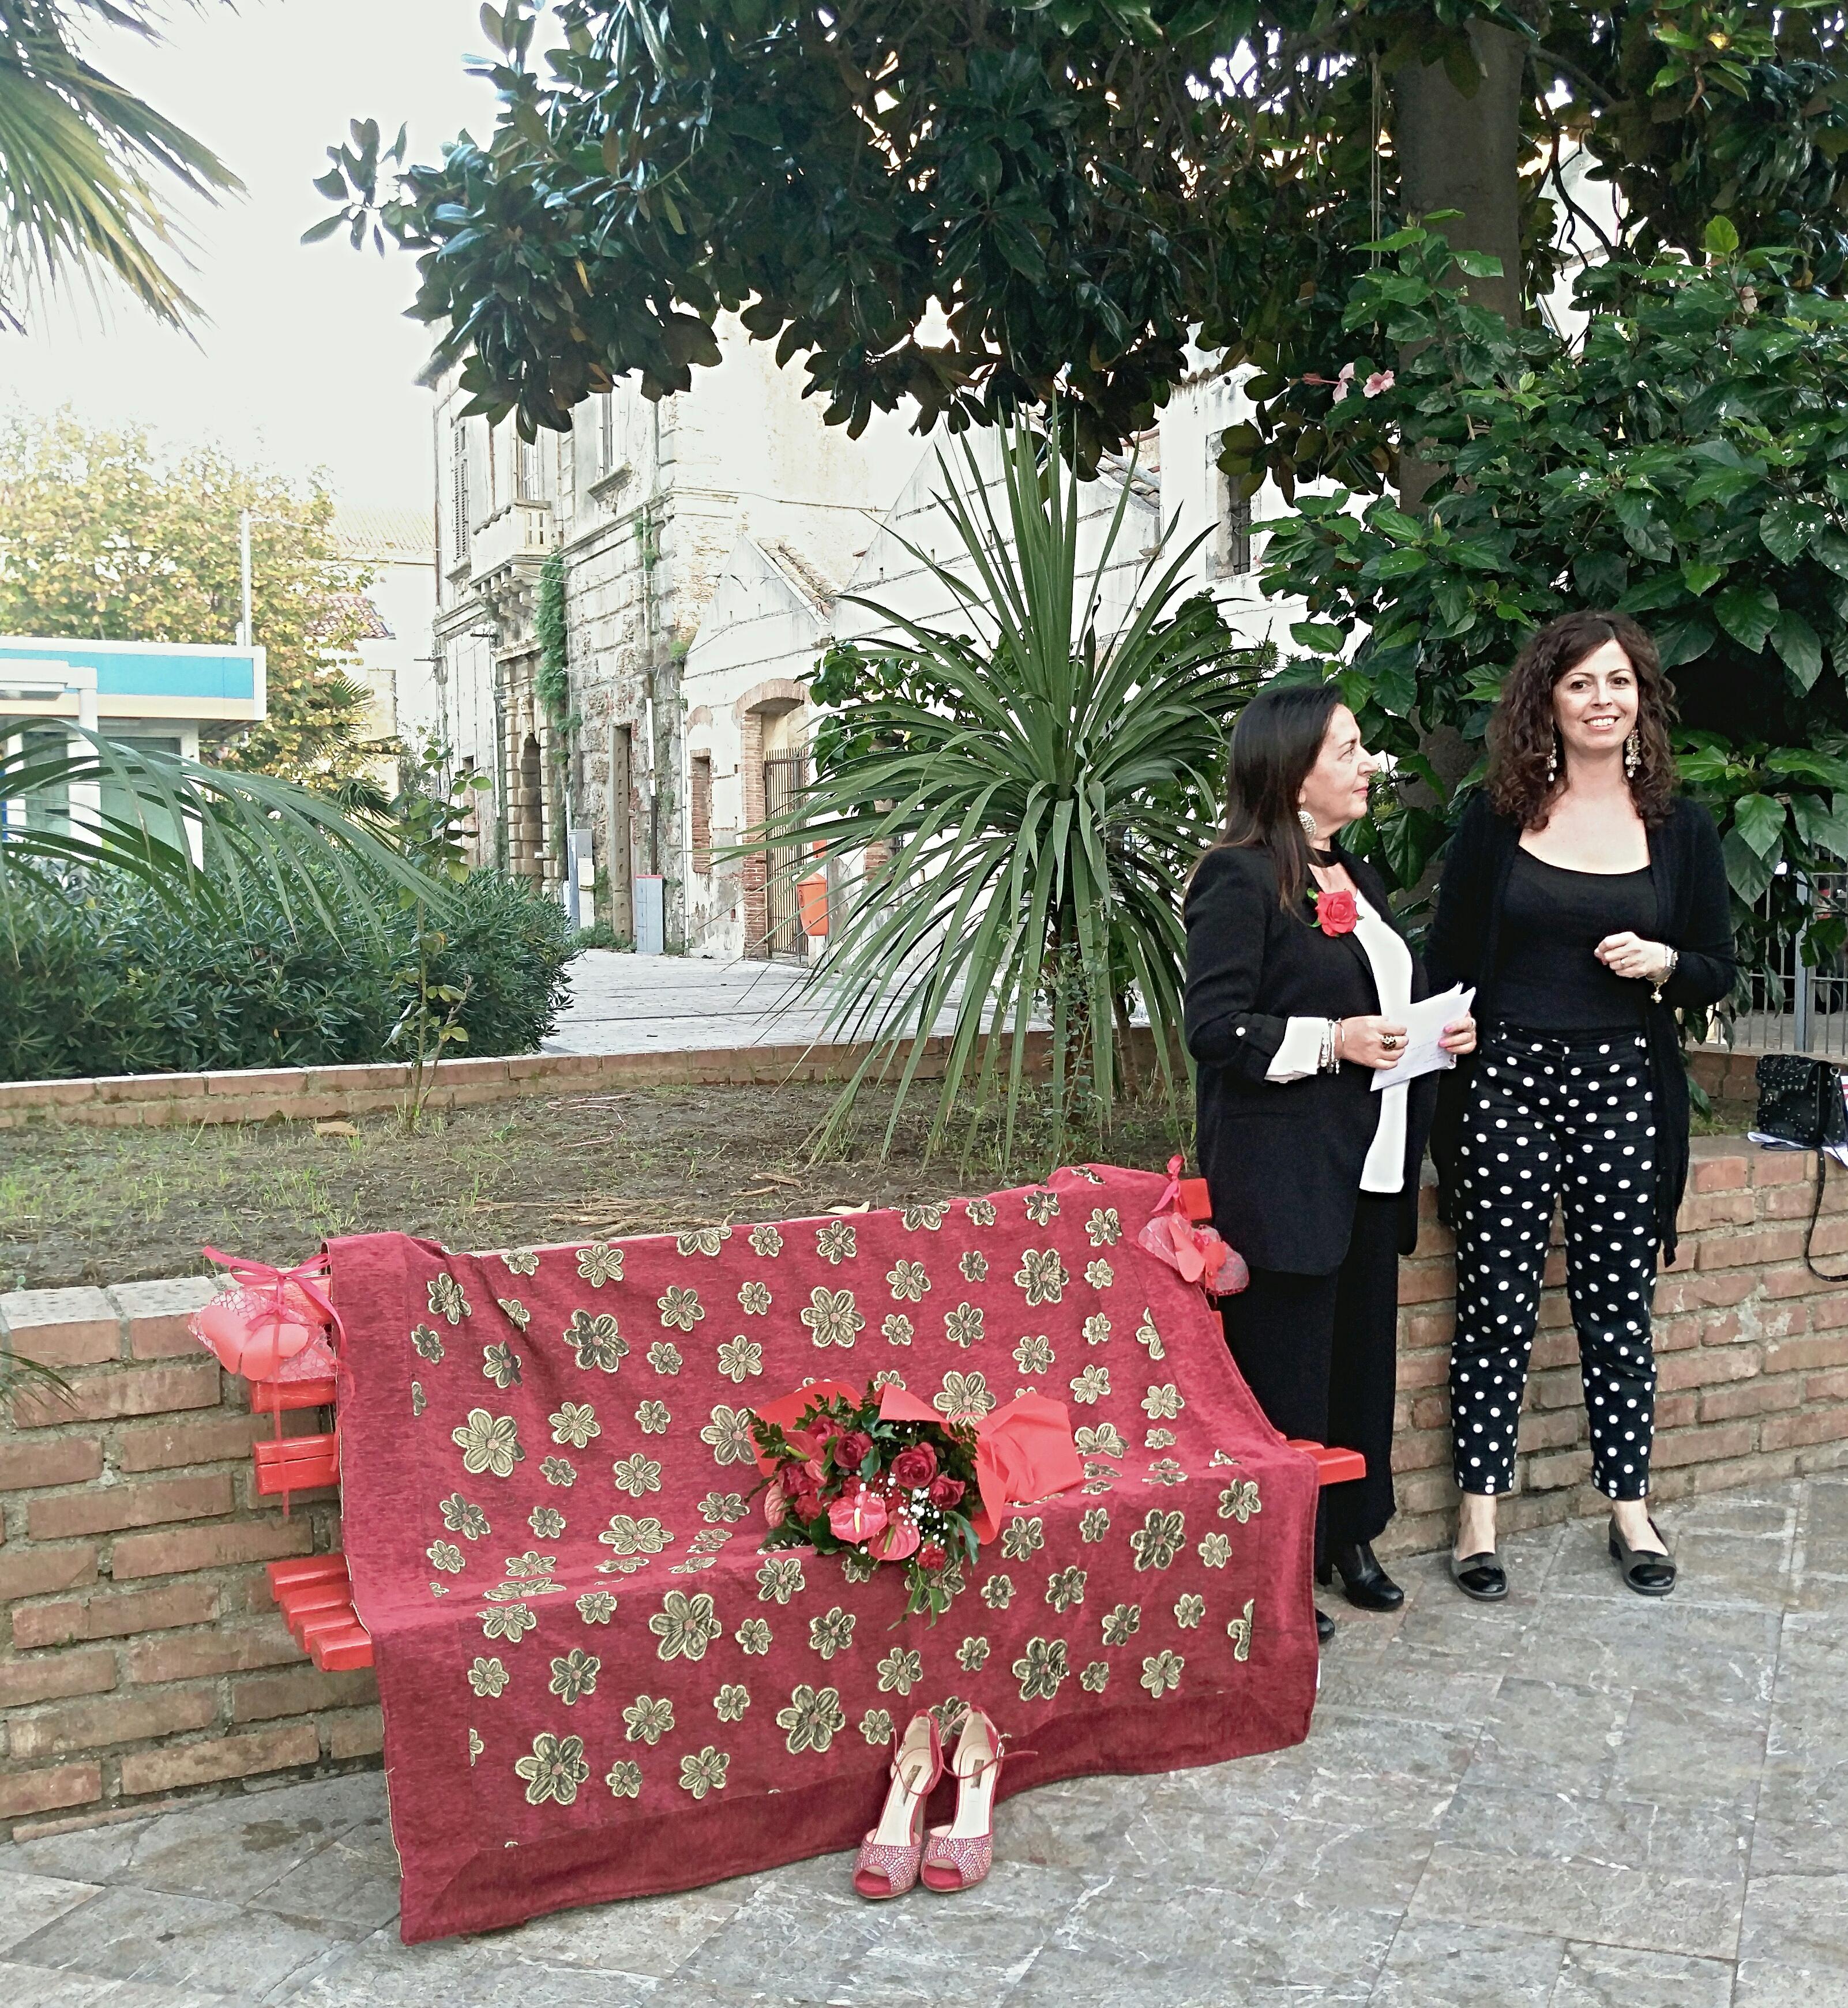 Monforte Marina. Sboccia la 'Panchina Rossa' contro la violenza sulla donna
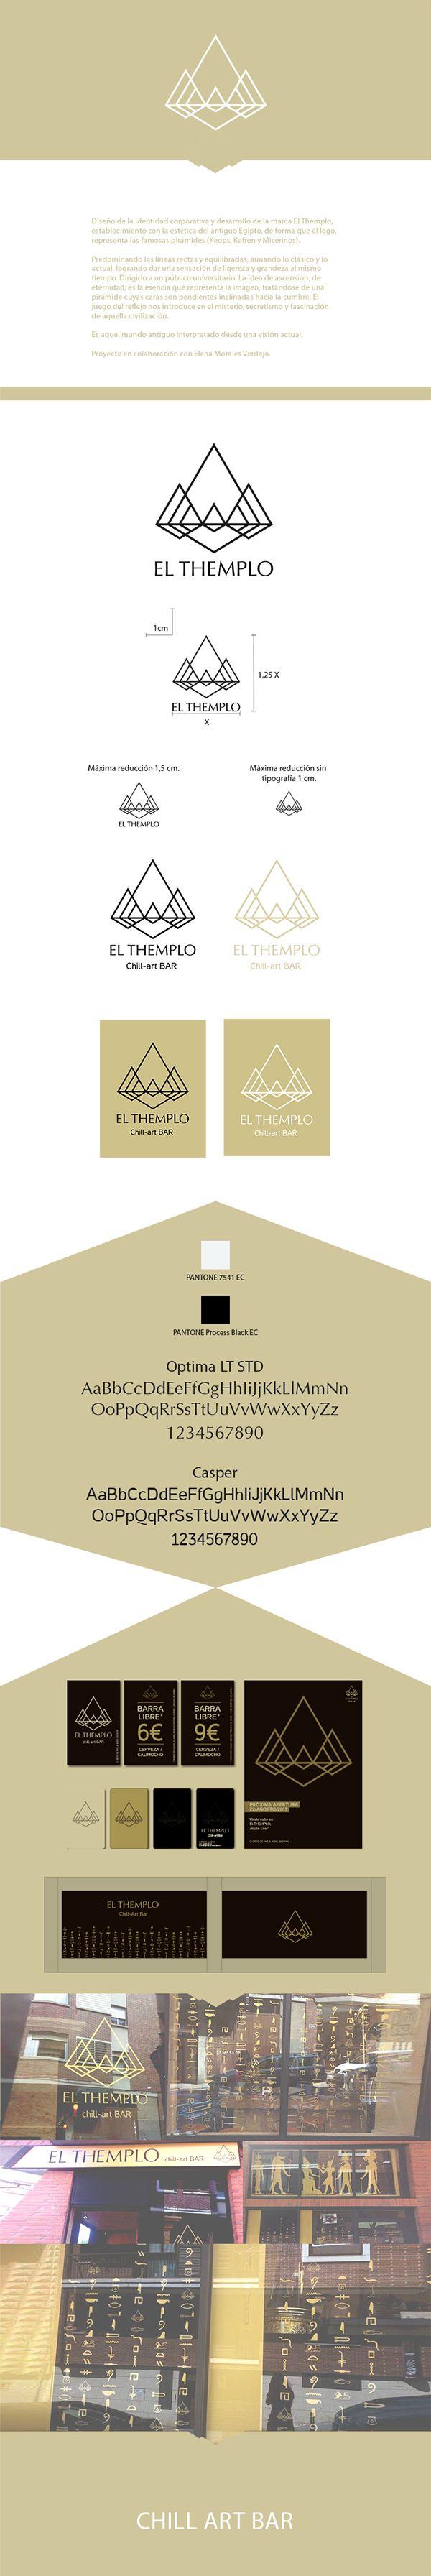 EL THEMPLO Chill-art BAR on Behance  Diseño de la identidad corporativa y desarrollo de la marca El Themplo, establecimiento con la estética del antiguo Egipto, de forma que el logo, representa las famosas pirámides (Keops, Kefren y Micerinos).  www.pmatorrego.com
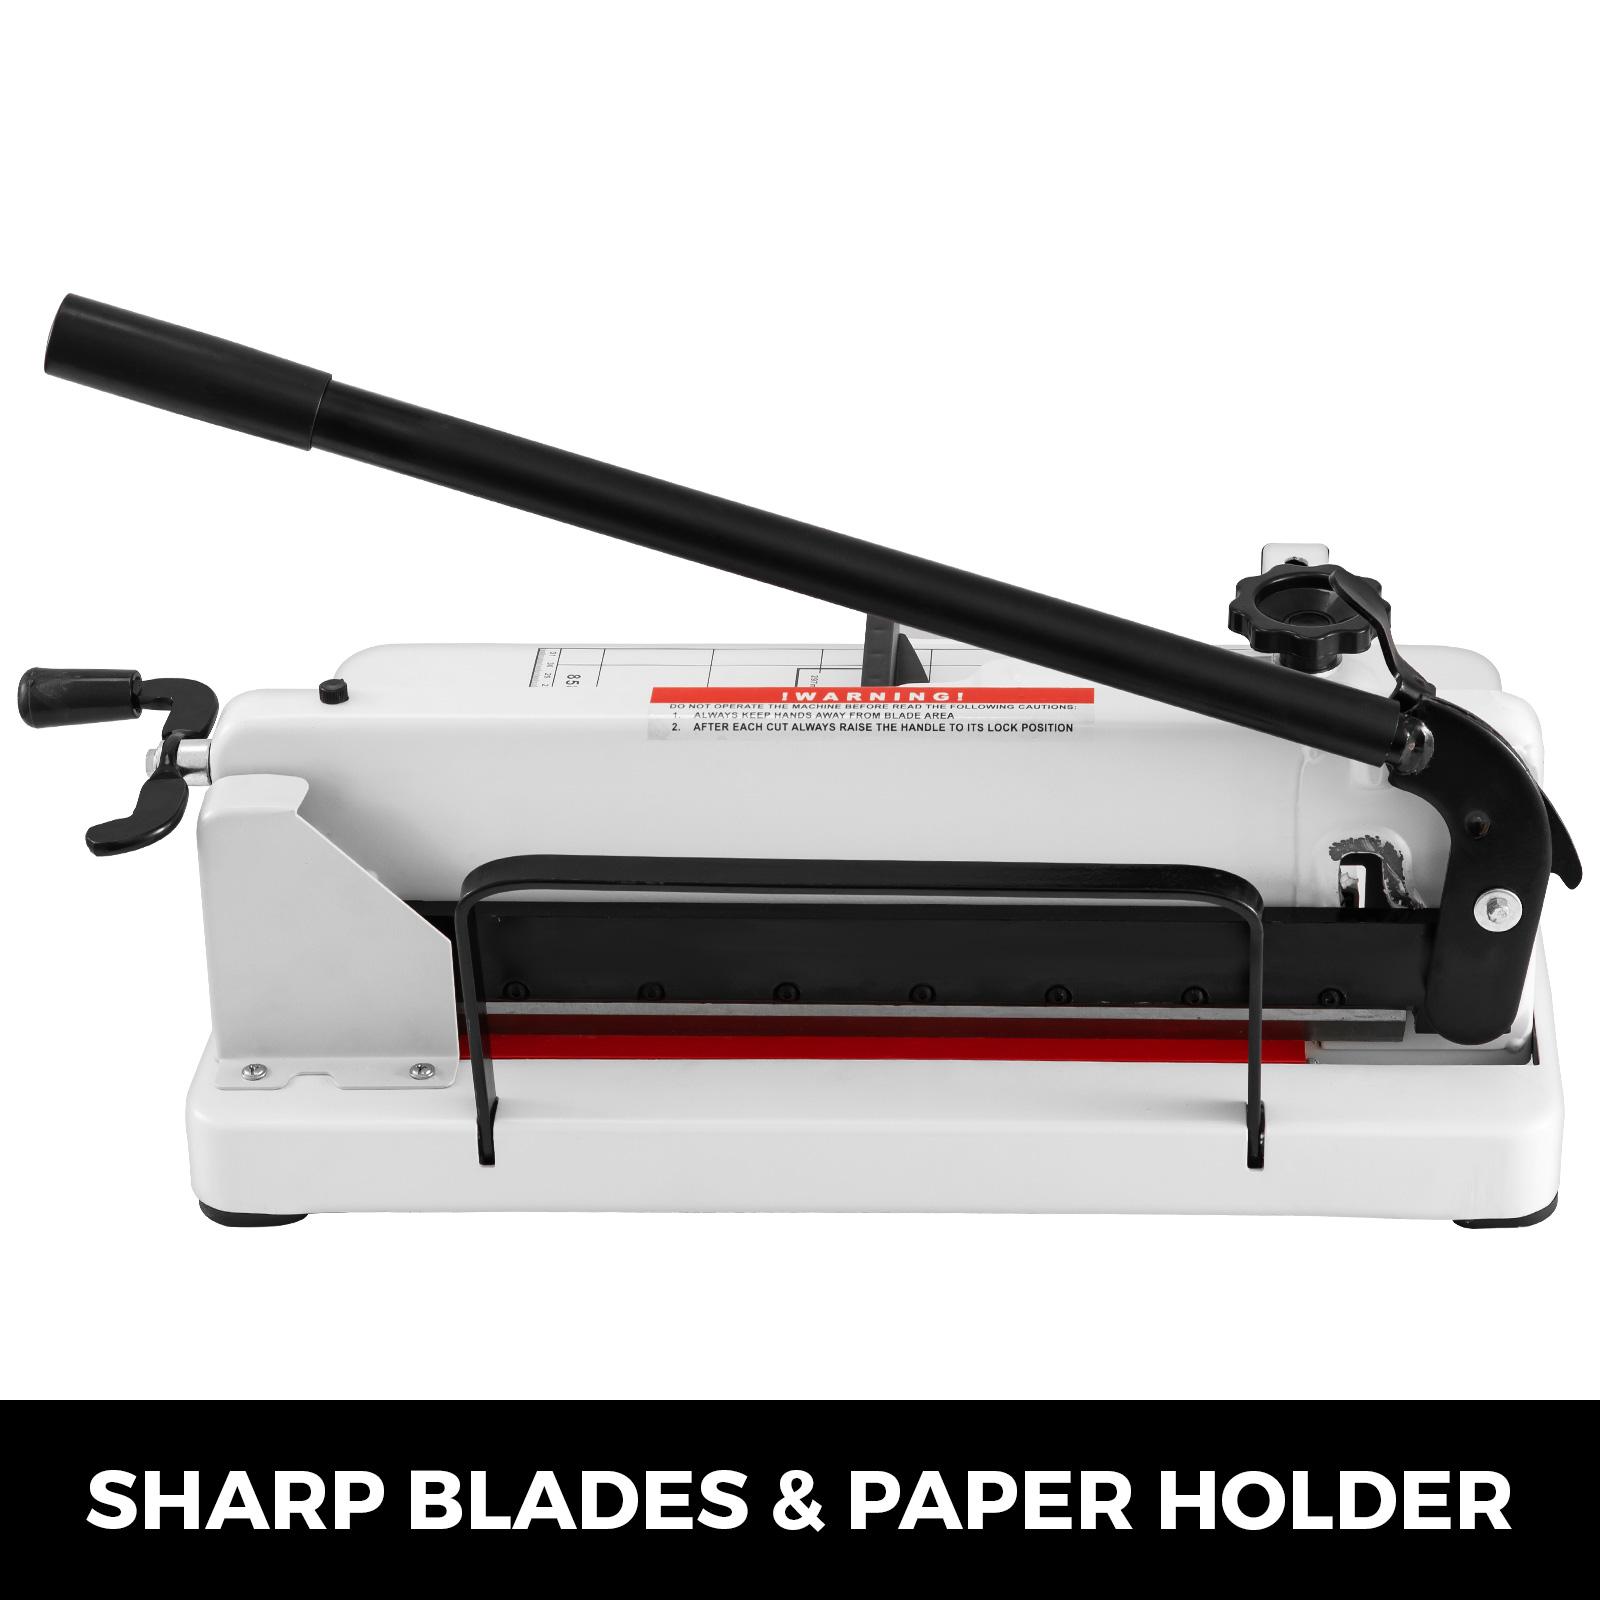 Foto /& Papier Schneidemaschine Hebelschneider Schneidegerät DIN A3 Cutter

◆ ◆ ◆ ◆ ◆

Transcribe all the lines above exactly; any image among them is skipped.

RESULT:
 Monforte Marina. Sboccia la 'Panchina Rossa' contro la violenza sulla donna
 EL THEMPLO Chill-art BAR on Behance  Diseño de la identidad corporativa y desarrollo de la marca El Themplo, establecimiento con la estética del antiguo Egipto, de forma que el logo, representa las famosas pirámides (Keops, Kefren y Micerinos).  www.pmatorrego.com
 Foto /& Papier Schneidemaschine Hebelschneider Schneidegerät DIN A3 Cutter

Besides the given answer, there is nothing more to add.